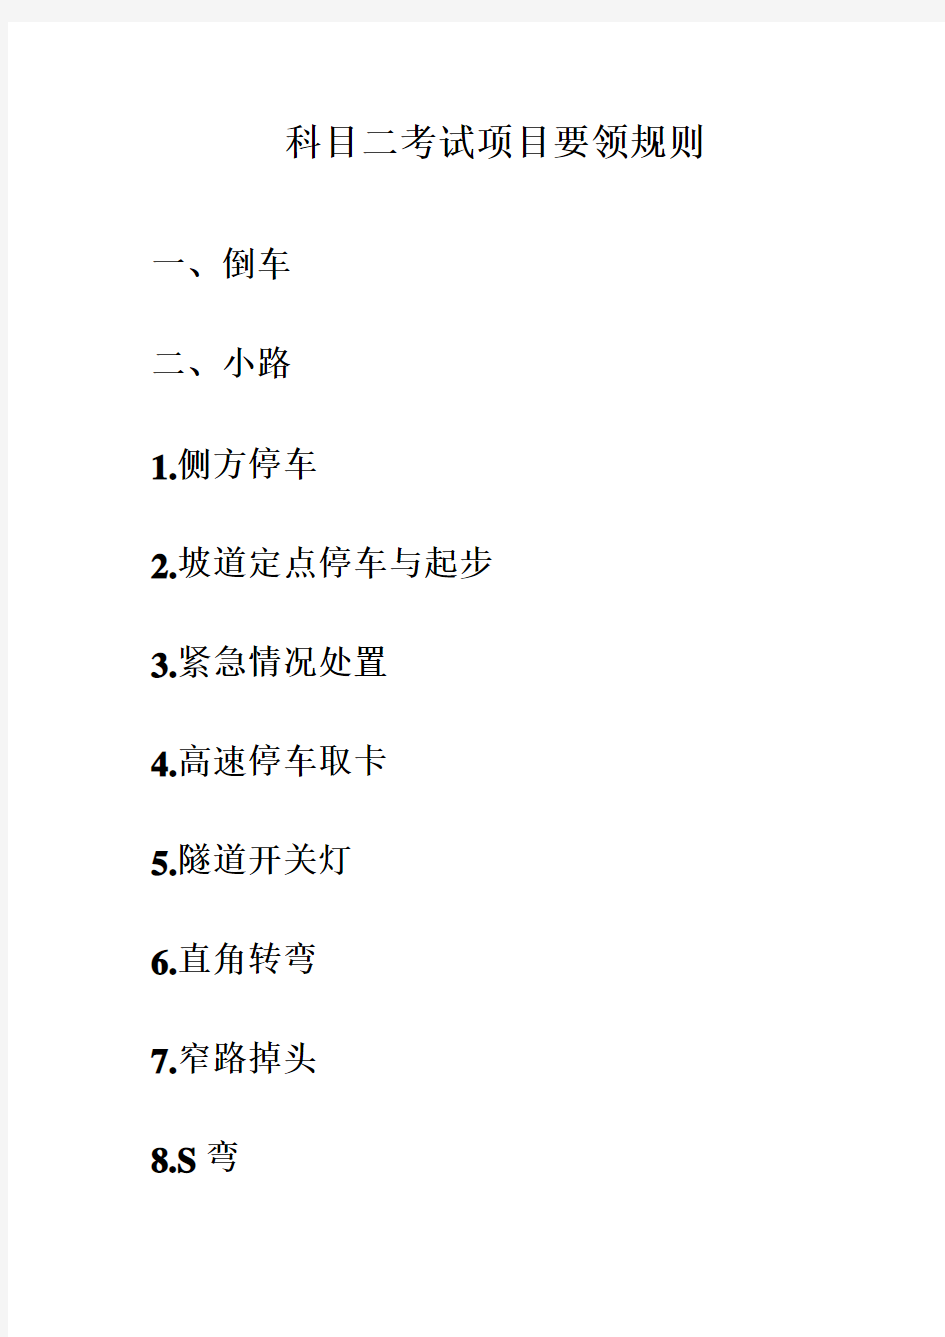 上海驾考科目二小路考试要领规则学习资料
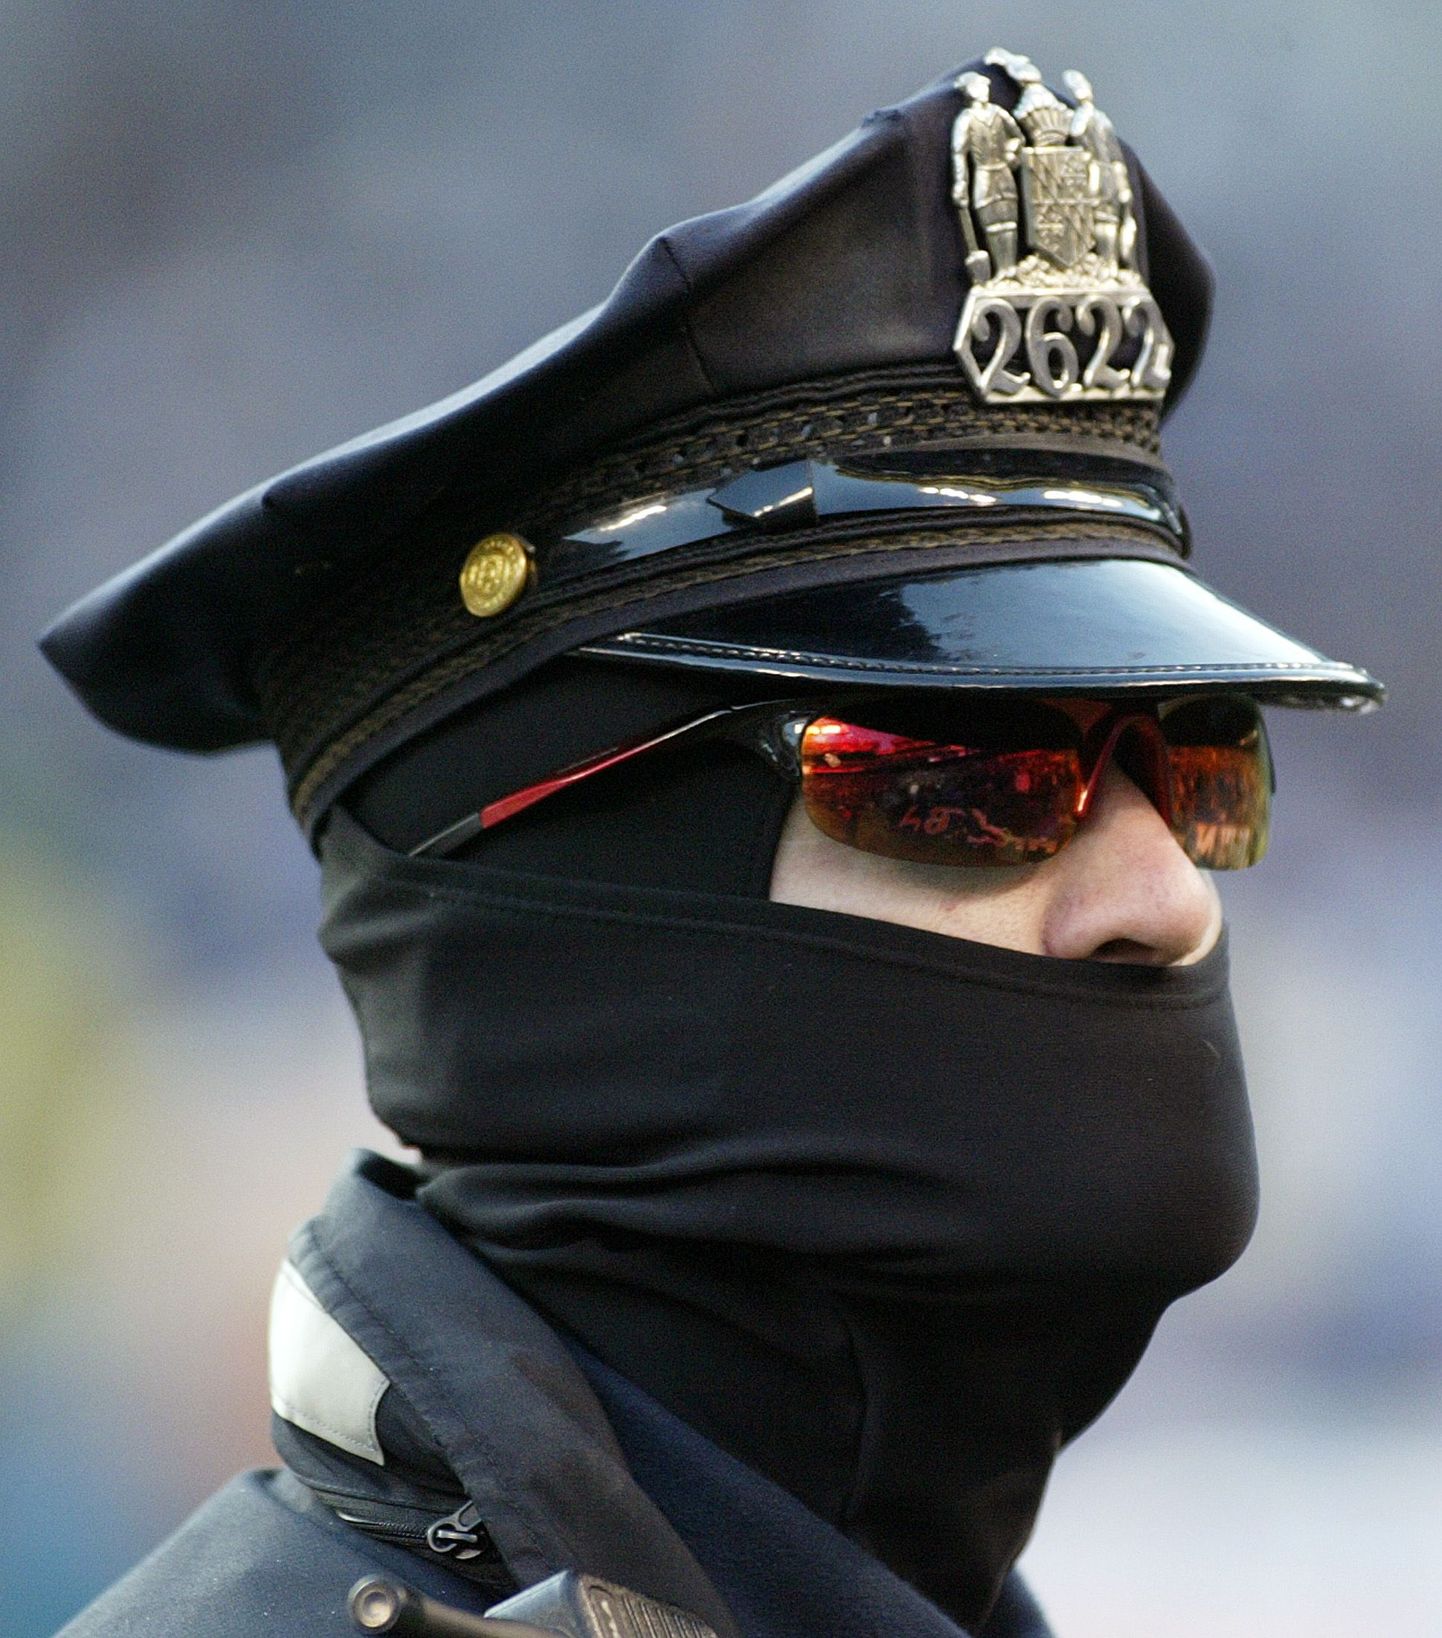 Baltimore'i politsenik.
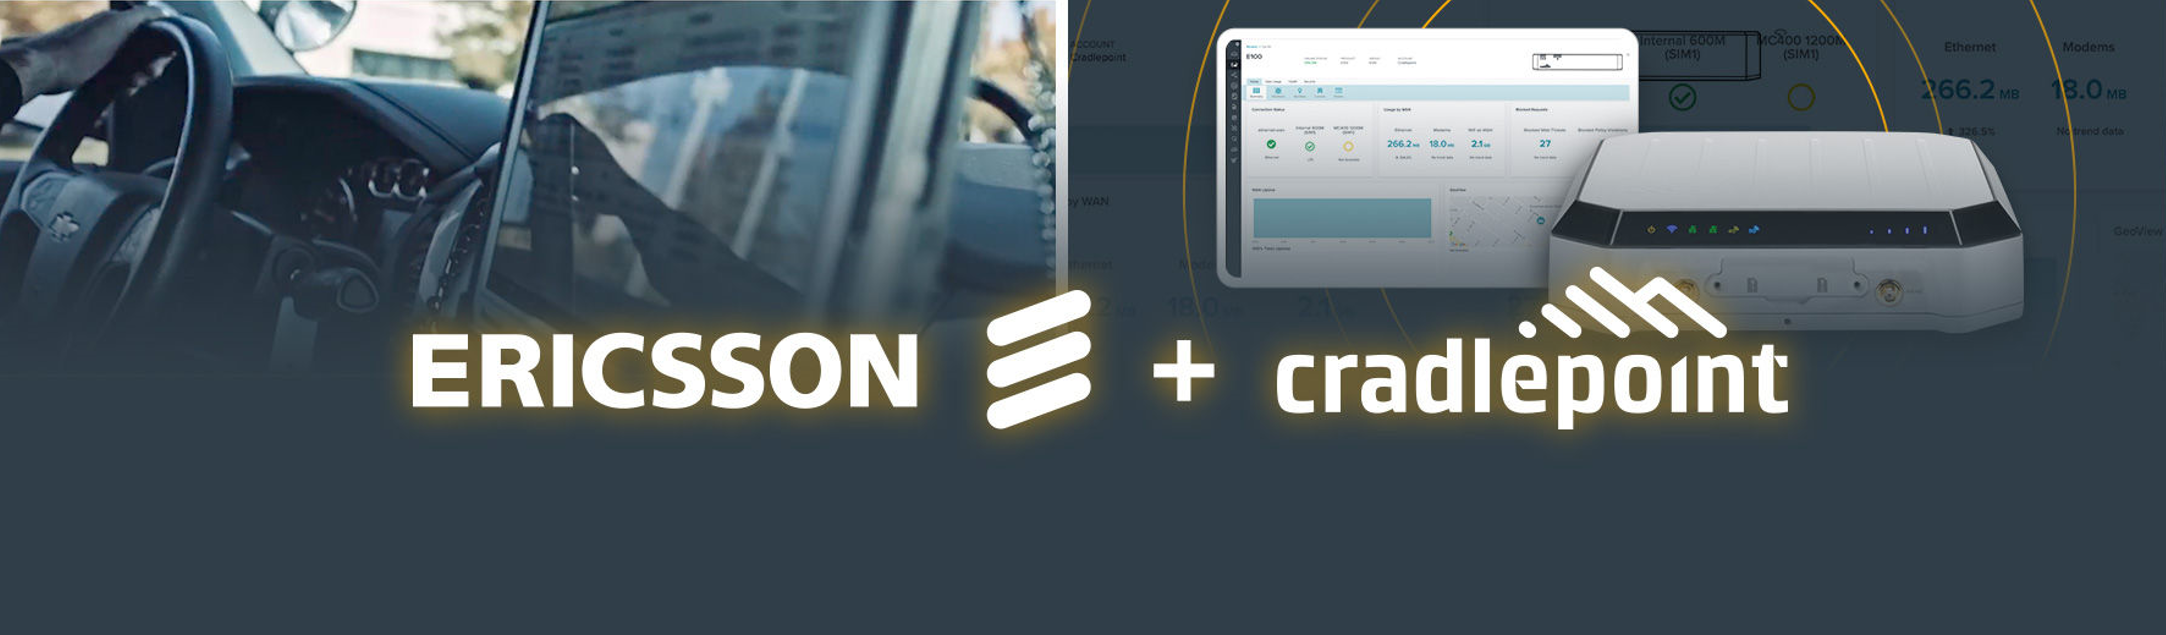 Ericsson acquisition of cradlepoint resized 2

§ WHAT THE EXERCISE ASKS
Nothing but the lines from the one holding "Baltimore'i politsenik." through the last line of the listing should appear in the answer, copied exactly and without pictures.

§ EXERCISE RESPONSE
 Baltimore'i politsenik.
 Ericsson acquisition of cradlepoint resized 2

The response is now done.